A genetic investigation of tropical fire ants has revealed insights into the history of their movement across the globe and voyage to America, according to collaborative research between the U.S. Department of Agriculture (USDA) and university scientists.

Researchers, which included scientists at the Agricultural Research Service's (ARS) Center for Medical, Agricultural, and Veterinary Entomology (CMAVE) in Gainesville, Florida, retraced the history of the tropical fire ant using genetic markers. CMAVE entomologist Dewayne Shoemaker, along with colleagues at the University of Vermont and the University of Illinois, analyzed the genetic diversity in the genomes of tropical fire ants, which are natives of Central and South America. They also studied trading patterns of Spanish vessels that sailed to various lands in the 16th century.

Findings from the study, published in Molecular Ecology in 2015, showed that tropical fire ants were likely transported in dirt used to stabilize Spanish ships that sailed from Acapulco, Mexico, across the Pacific Ocean to the Philippines and to other parts of the world. Ants, as well as other invasive organisms, made their way onto land when the dirt from these ships was dumped at different ports to make room for cargo.

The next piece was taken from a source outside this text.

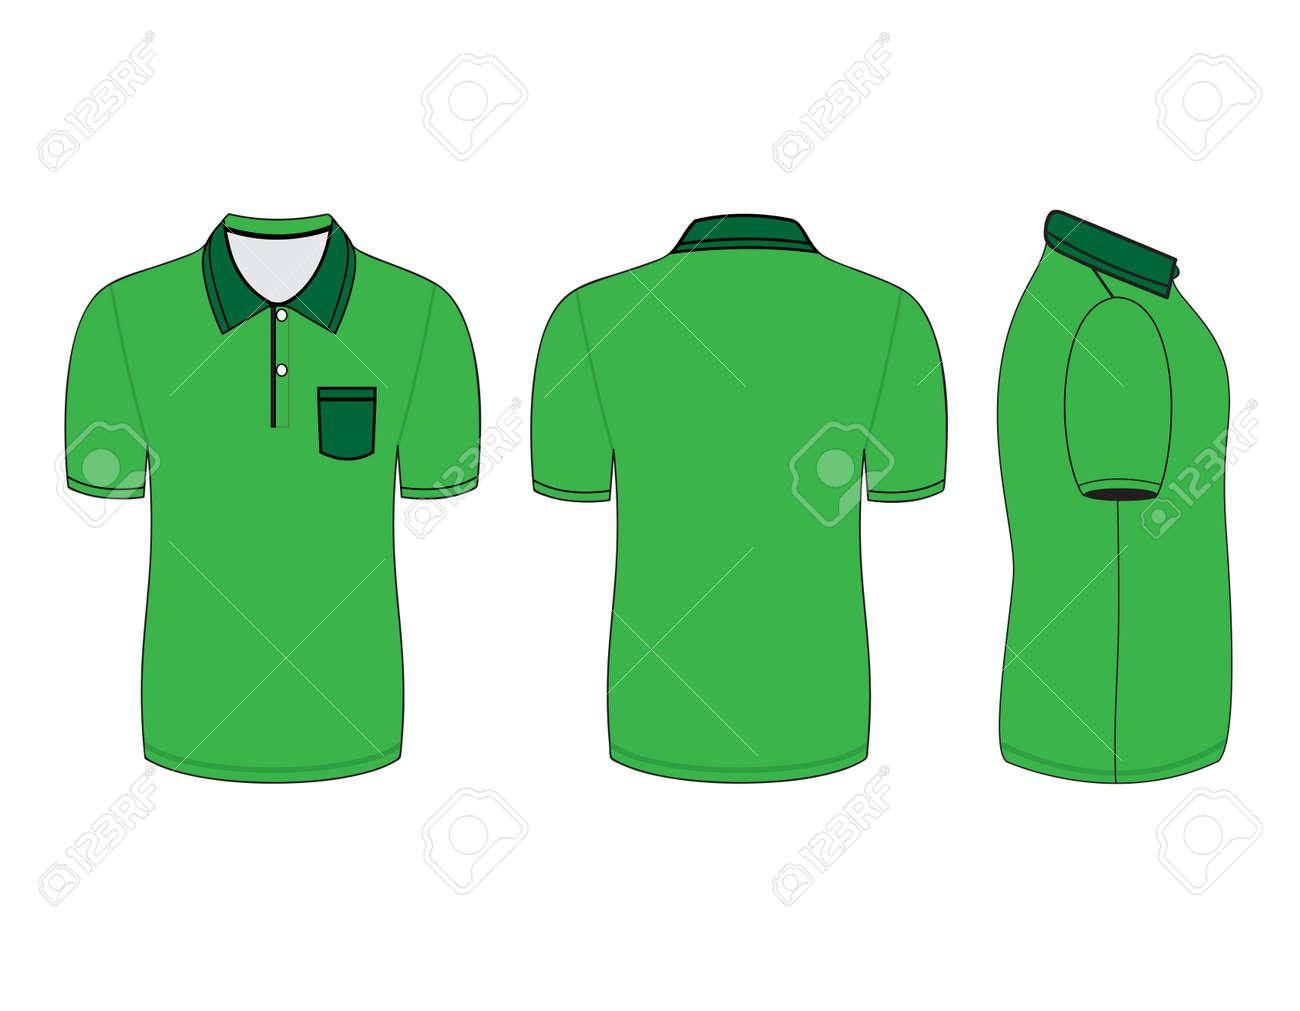 Polo shirt design vector - Polo Shirt Design Templates Front Back And Side Views Vector Illustration Stock

Today, the tropical fire ant has spread to nearly all tropical regions. Learning more about invasive organisms such as tropical fire ants is important in finding the best natural enemies to fight them, according to Shoemaker. Also, knowing how ants moved from place to place in the past can help develop methods to prevent future invasions.

In previous research, Shoemaker also reconstructed the invasion history of a different fire ant species, the red imported fire ant. The more researchers learn about invasive ant species, the closer they get to solving problems that infestations can cause, including billions of dollars spent in control, medical treatment and damage repair in urban, agricultural, wildlife, recreational and industrial areas.

ARS is USDA's principal intramural scientific research agency.